ICT: How does AI enhance the early detection of potential outbreaks or clusters of infections in hospitals, and what are the benefits of this rapid identification?
RS: With the wealth of data available, AI can analyze various scenarios and run simulations to predict potential sources of outbreaks. This helps in taking proactive measures to prevent such occurrences.
Infections can vary not only between patients but also based on their location within the hospital, such as a ward, an emergency room bed, or an intensive care unit. Factors like the composition of the care team, room sharing, the health status of other patients, ongoing procedures, and pre-existing dormant infections further contribute to the complexity.
Predicting and preventing infections brings several benefits, including cost savings in health care, shorter hospital stays, better clinical outcomes, and enhanced experiences for patients and providers. Preventing major outbreaks contributes to safeguarding hospitals’ reputations.
ICT: How can AI-driven predictive analytics help health care professionals make informed decisions to prevent the spread of infections?
RS: It’s important to recognize that AI is a tool meant to support health care professionals, not replace them. Its primary aim is to enhance efficiency and avoid burnout among medical staff.
AI models can significantly improve clinical decision-making by providing timely support to physicians. For instance, they can suggest the most appropriate antibiotic based on a patient’s history, even identifying options that physicians might not have considered. This guidance helps optimize treatment plans and improves patient outcomes.
In conditions like sepsis, AI models can help select the initial antibiotic treatment. Rather than resorting to the strongest available option, AI can recommend a more targeted approach based on the patient’s specific condition. This proactive strategy can lead to more effective treatment while awaiting culture and sensitivity reports (which typically take up to 48 hours).
ICT: Could you share examples of successful implementations of AI in infection prevention programs and how these technologies have improved patient outcomes and reduced HAIs?
RS: At BID Medical Center in Boston, USA, an AI system has revolutionized the early detection of sepsis caused by organisms like Escherichia coli and Staphylococcus. This AI system outperforms traditional methods by providing more accurate and faster detection. By pinpointing patients at risk of developing sepsis, the AI system alerts physicians to intervene promptly, potentially preventing a life-threatening condition from worsening.

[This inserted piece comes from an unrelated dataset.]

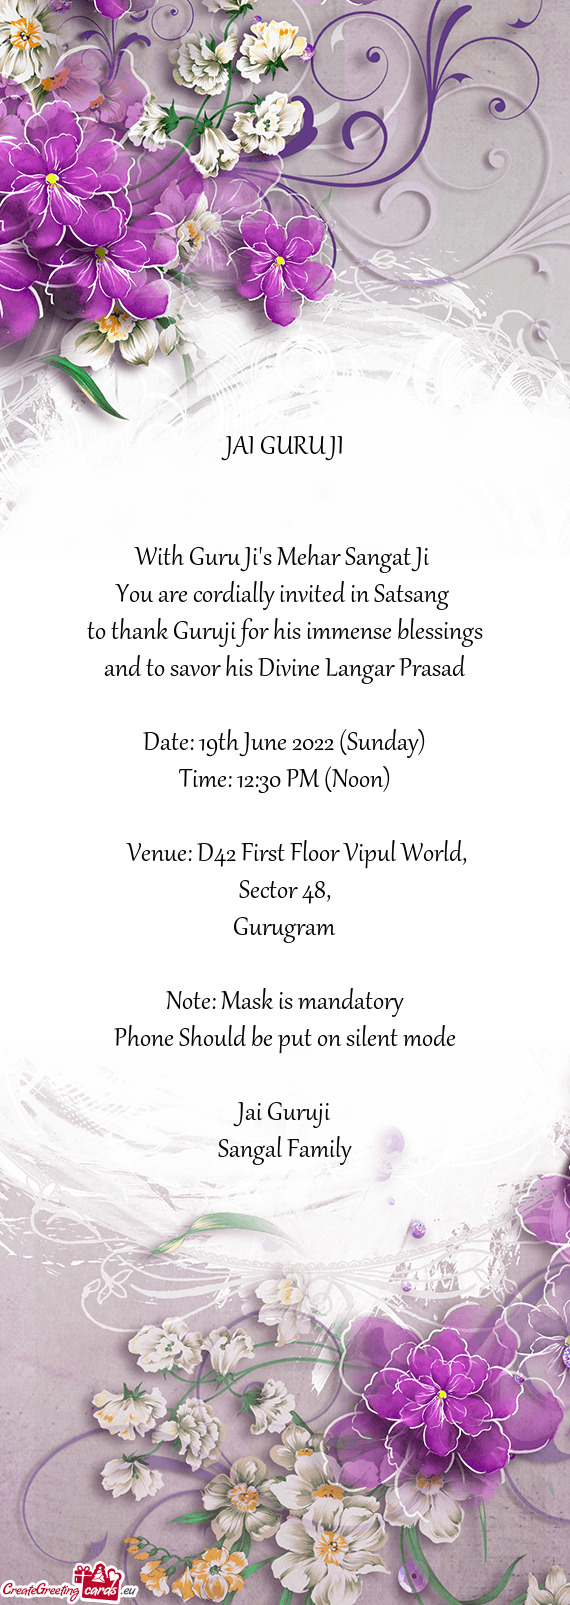 You are cordially invited in Satsang

In Europe, hospitals such as the Amsterdam Medical Center in the Netherlands are piloting AI algorithms to predict the risk of patients developing healthcare-associated infections (HAIs). This innovative approach has prompted the implementation of stricter protocols, including improved hand hygiene, double-gloving, and PPE during procedures on high-risk patients. Additionally, there’s a heightened focus on more rigorous cleaning of operating rooms after treating such patients. These measures significantly improve patient safety.
AI is here to stay and grow. The health care system must tap AIâs remarkable ability to help us take significant strides forward to achieve the quintuple aim of healthcare delivery: better patient outcomes, better patient experience, reduction of physician burnout, reduction of costs, and achieving health equity.